So what is actually going on here? What might explain the dramatic physiological effects of something as ineffable as mere “thoughts”?
For one thing, our attitudes, conscious or not, drive our behavior. This was likely a factor in Levy’s studies of stereotypes and long-term heart-health. “If people hold more negative views of aging, they may be less likely to walk the extra block or engage in healthy behaviors as they get older,” Levy said. “Because they tend to think of poor health as inevitable later in life.”
But a more potent factor — in some ways the elephant in the room in all aging stereotype studies — is this: there’s often a disconnect between young people and their future selves.
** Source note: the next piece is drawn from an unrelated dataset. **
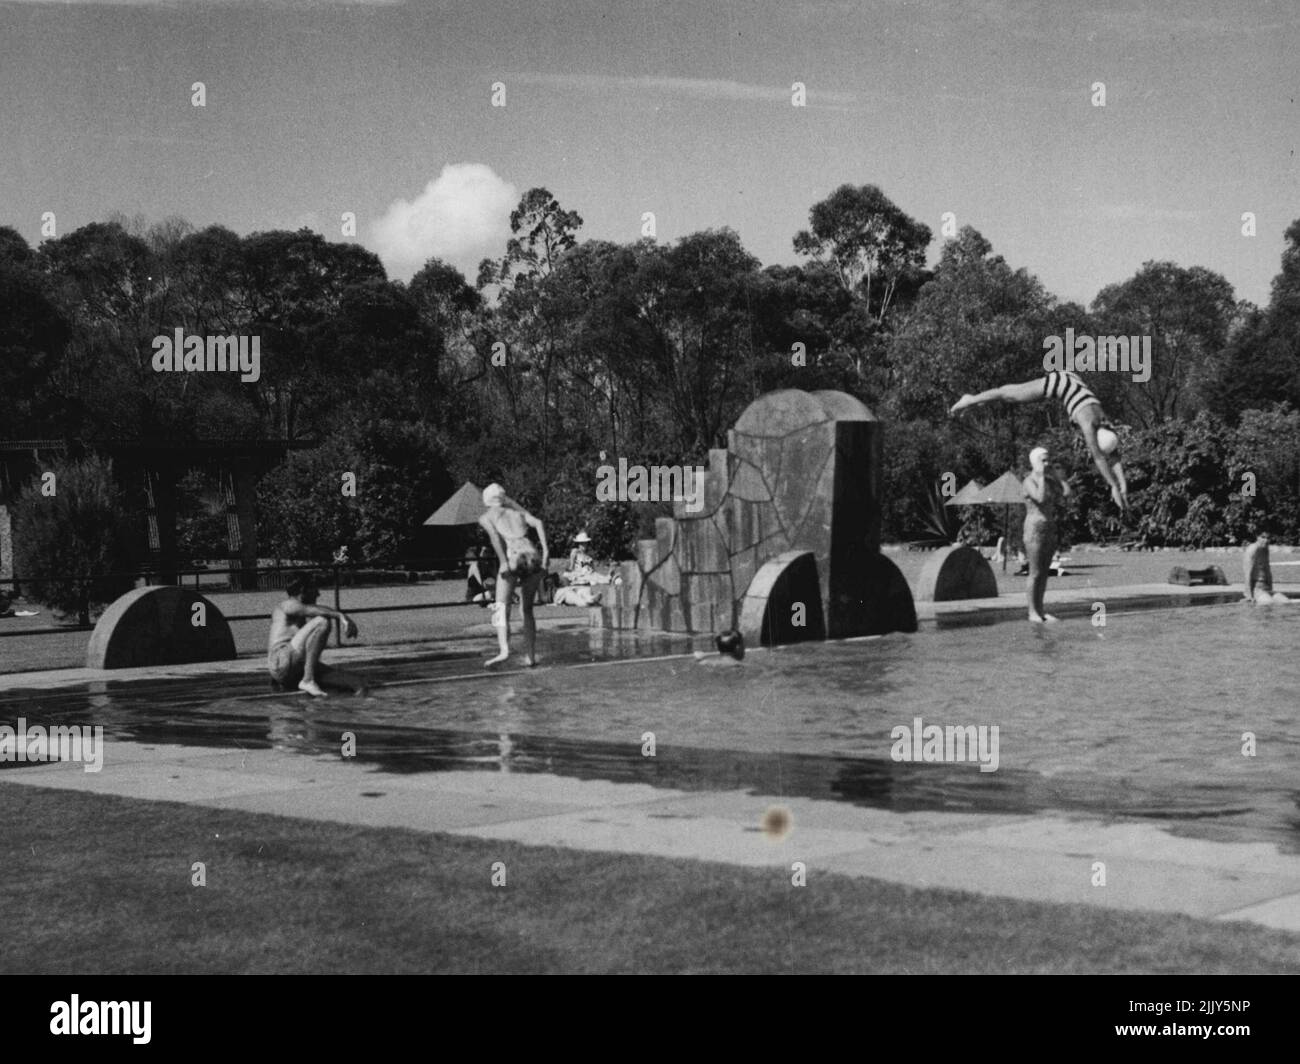 Oasis Swimming Pool - Brisbane And Suburbs. June 01, 1953. (Photo by David R. Jones). Stock Photo

“People under forty don’t think of themselves as eventually getting older,” says the Harvard psychologist Ellen Langer, whose pioneering work on age primes paved the way for Levy’s. That disconnect is a problem. It prevents young people from, for instance, developing habits that would profit their older selves down the line. (Like saving for retirement, as the behavioral economist Dan Ariely has shown.) Just thinking about growing old is heart-constrictingly stressful – if, that is, you expect older age to be a time of pain and loneliness and confinement, rather than a time of leisure and discount travel and free play with tow-headed grandkids.
Ageism, at root, is about fear.
Robert Butler, the psychiatrist who coined the term “ageism,” thought ageism and elder abuse stem from “deeply human concerns and fears about the vulnerability inherent in the later years of life.” The idea of shuffling inexorably toward the grave scares the hell out of us. So we hold the shufflers at a contemptible distance – even as we ourselves, bit by invisible bit, become them.
“One time I picked up my father at the airport,” recalls Langer, “and I said ‘Dad, how was the flight?’” He said, ‘It was fine but there were all these old people on the plane.’ My father was in his eighties. Ageism is rampant among older people.”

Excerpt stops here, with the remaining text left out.